Türk kahvesi, “popüler alışkanlıklar” tarihine geçmiş ve önemli kültür ögelerinden biri olmuştur. Kendine özgü pek çok özellik taşır ve bu özellikleri sayesinde farklı geleneklerin de doğmasına neden olmuştur.
“Türk kahvesi” adıyla ilk uluslar arası markamız sayılabilecek kahve; güzel bir içecek olmasının yanı sıra pek çok deyime, atasözüne, şiire ve türküye de konu olmuştur. Kahve kültürümüze o kadar yerleşmiştir ki, kız isteme sırasında damada ve müstakbel dünürlere kahveden başka bir içecek ikram edilmez. Kahve müstakbel gelin adayı tarafından pişirilmelidir. Genç kızın pişirdiği kahvenin lezzeti, köpüğü ve kıvamı onun ne kadar maharetli olduğunu göstermesi açısından bir sınav niteliği taşır. Kız istemeden önce görücüler gelir ve görücülere yine gelin adayı kahve pişirir. Görücülerin pişen kahveden memnun olması önemlidir. Aynı zamanda damadın kahvesine tuz katmak ve böylece damadın müstakbel eşi için nelere katlanabileceğini ölçmek fıkra tadında tatlı bir oyundur. Görücü usulü evlilikler artık pek olmasa da, günümüzde halen daha kız isteme, misafirlere kahve ikram etme ve damadın kahvesine tuz katma yaşayan geleneklerimizdendir.

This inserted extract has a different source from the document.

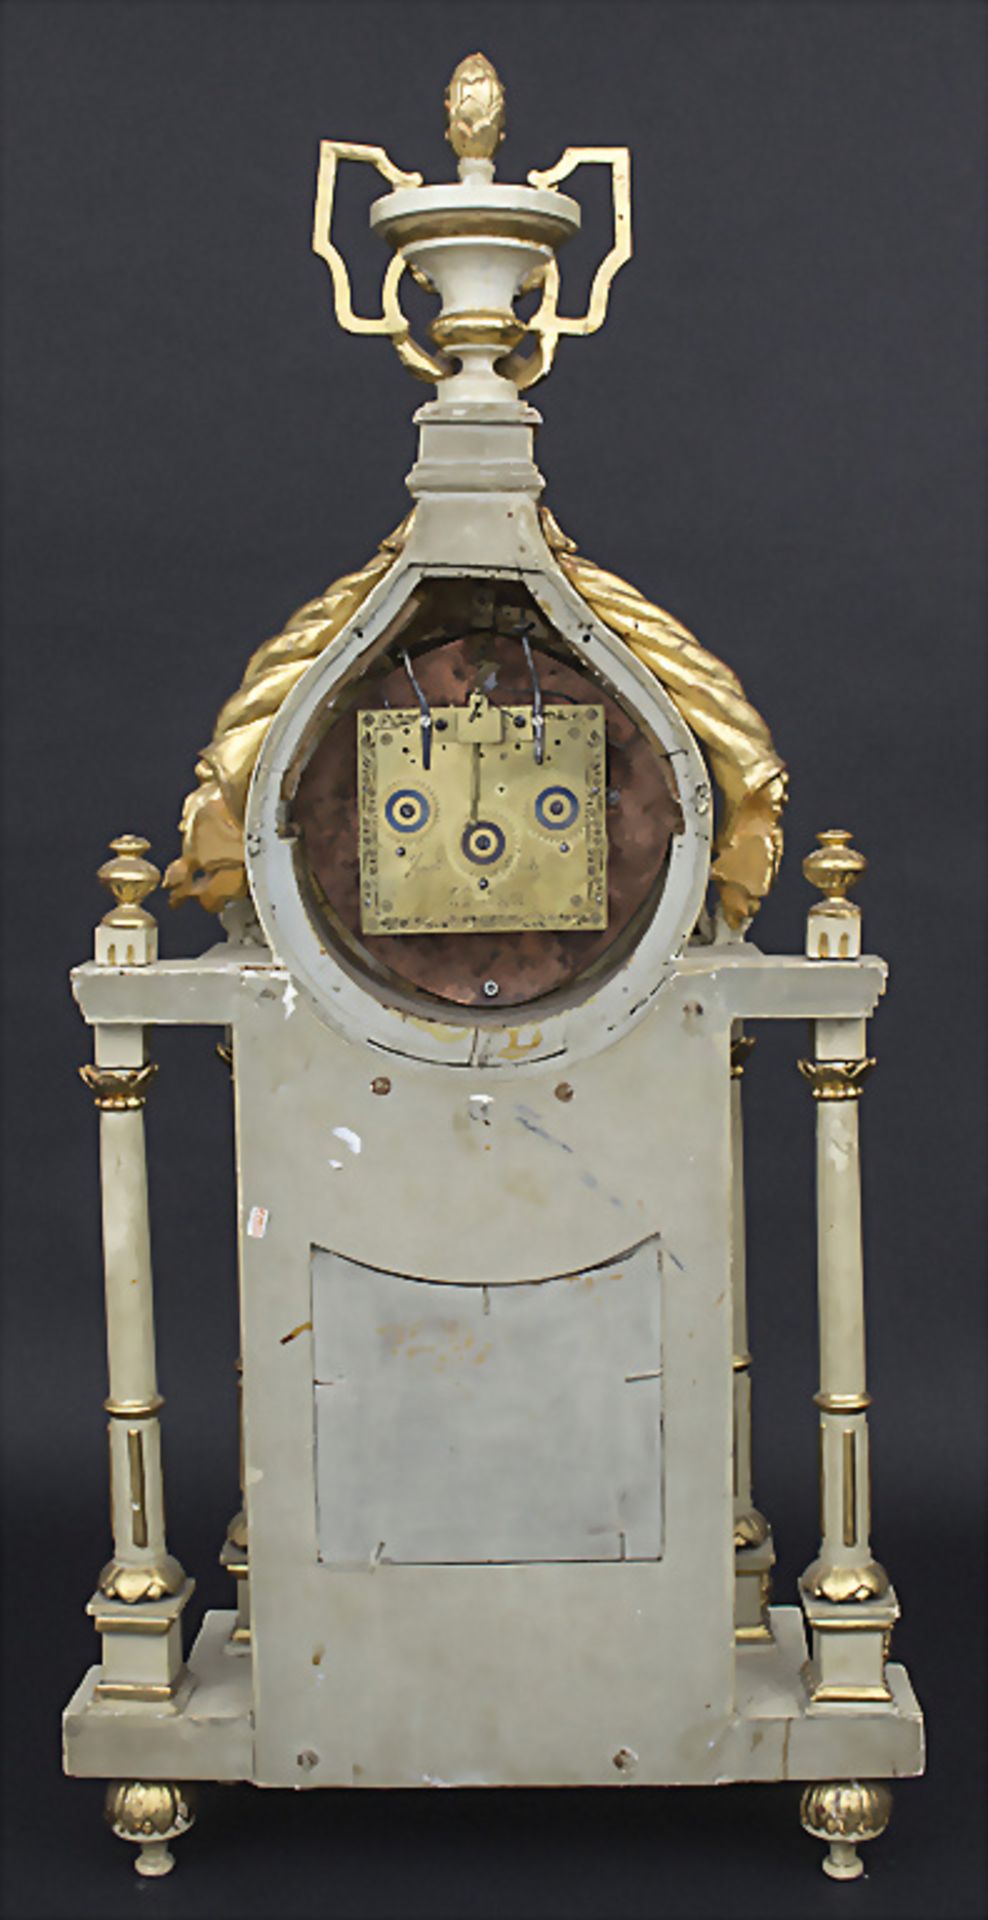 Louis-Seize-Kaminuhr / Louis-Seize mantle Clock, Jocob Scholz, Neumarkt, um 1775 - Bild 3 aus 4
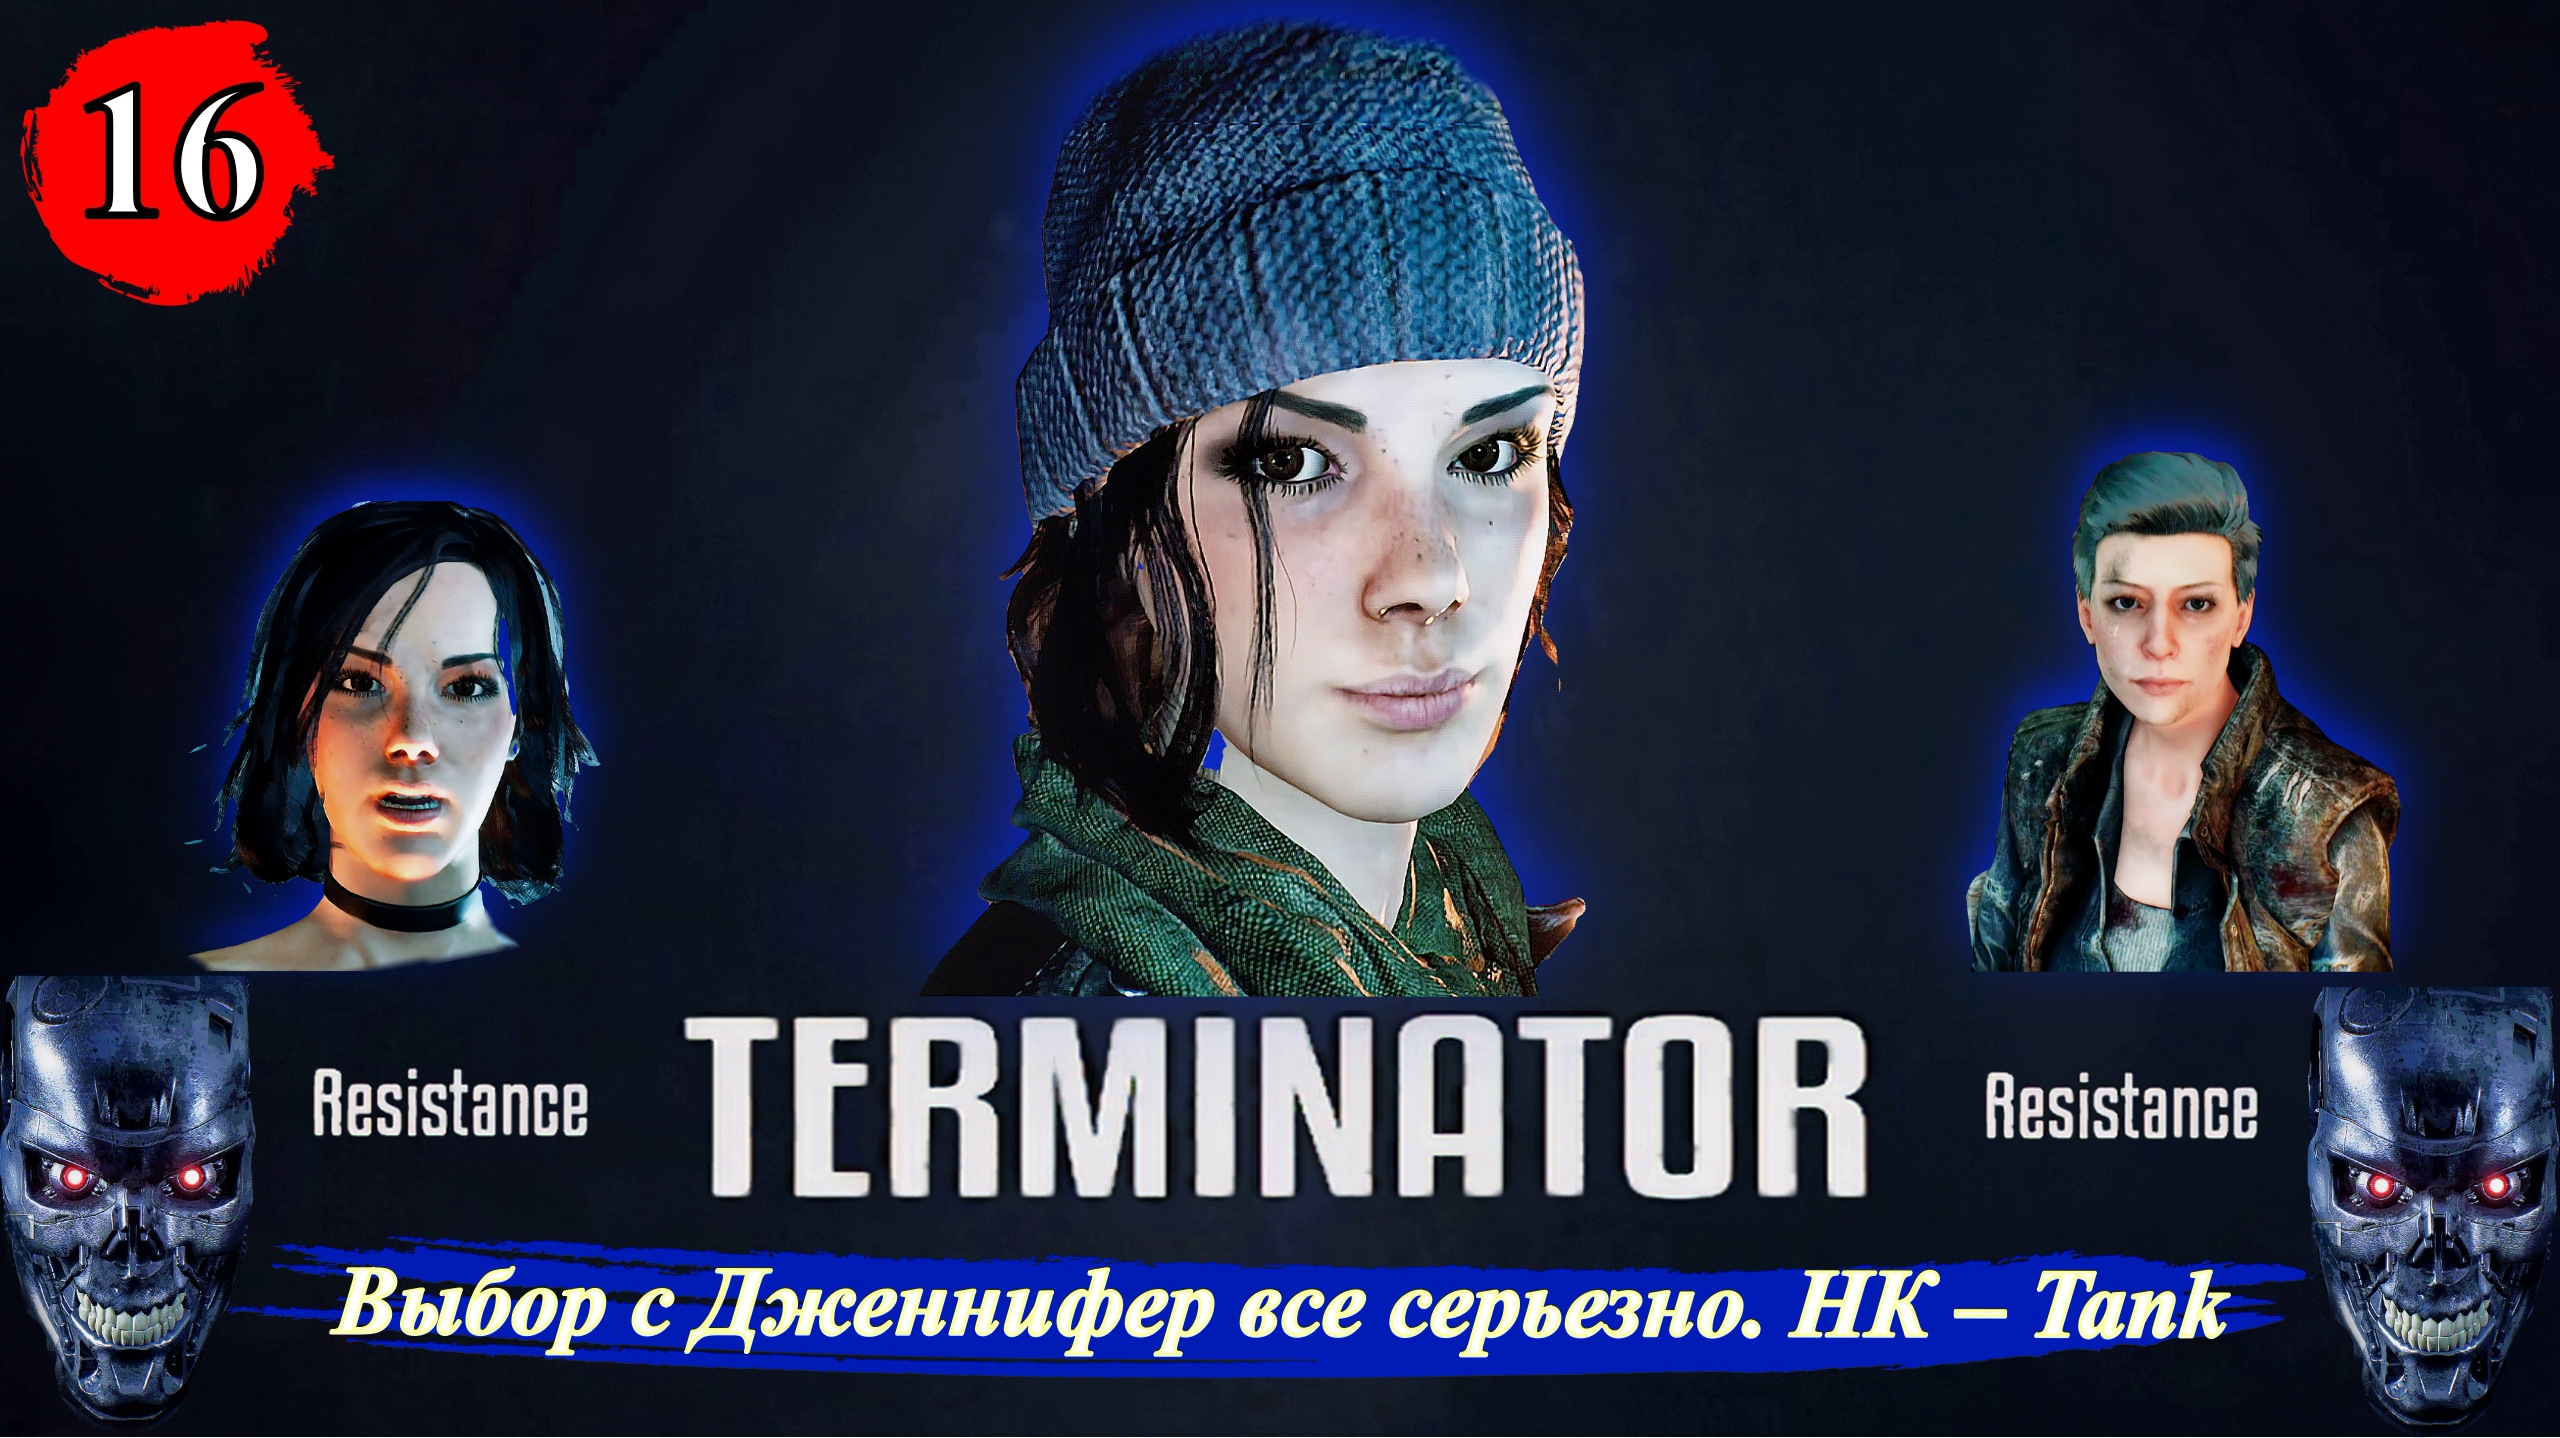 Terminator Resistance Выбор с Дженнифер все серьезно. НК – Tank - Прохождение. Часть 16

Her zaman “koyu sohbet”lerin bahanesi olmuş kahve, pişirilip servis edilirken, telvesi fincanın dibinde kalır; içilmez. Bu durum yine sadece Türk kahvesine özgü “fal” geleneğinin doğmasına da neden olmuştur. Kahve telvesinin fincan içinde ve fala bakmak üzere fincan çevrildiği için tabağında oluşturduğu çeşitli izler ve işaretler "uzmanları" tarafından yorumlanarak anlatılır. Kahve falının en büyük özelliği iyi dileklerden oluşmasıdır. Kahve falı yalnız Türk-Osmanlı dünyasında görülmektedir. Nitekim bugün bağımsız ülkeler olan eski Osmanlı eyaletlerinde de (Yunanistan, Bulgaristan, Mısır, Makedonya, Bosna - Hersek vb.) bu folklorik uygulama sürdürülmektedir.
Kültürümüzün önemli bir parçası olan kahveye, yani Türk kahvesine sahip çıkmalıyız. Günümüzde özellikle hazır granül kahveler pratiklikleri ile çok sık tüketilir oldu. Ancak asla ve asla o kahveler Türk kahvesinin yerini tutamaz. Bütün dünyada "Türk" olarak bilinen kavramlardan biri olarak Türk kahvesi , kültürümüzün bir ürünüdür ve öyle kalmalıdır.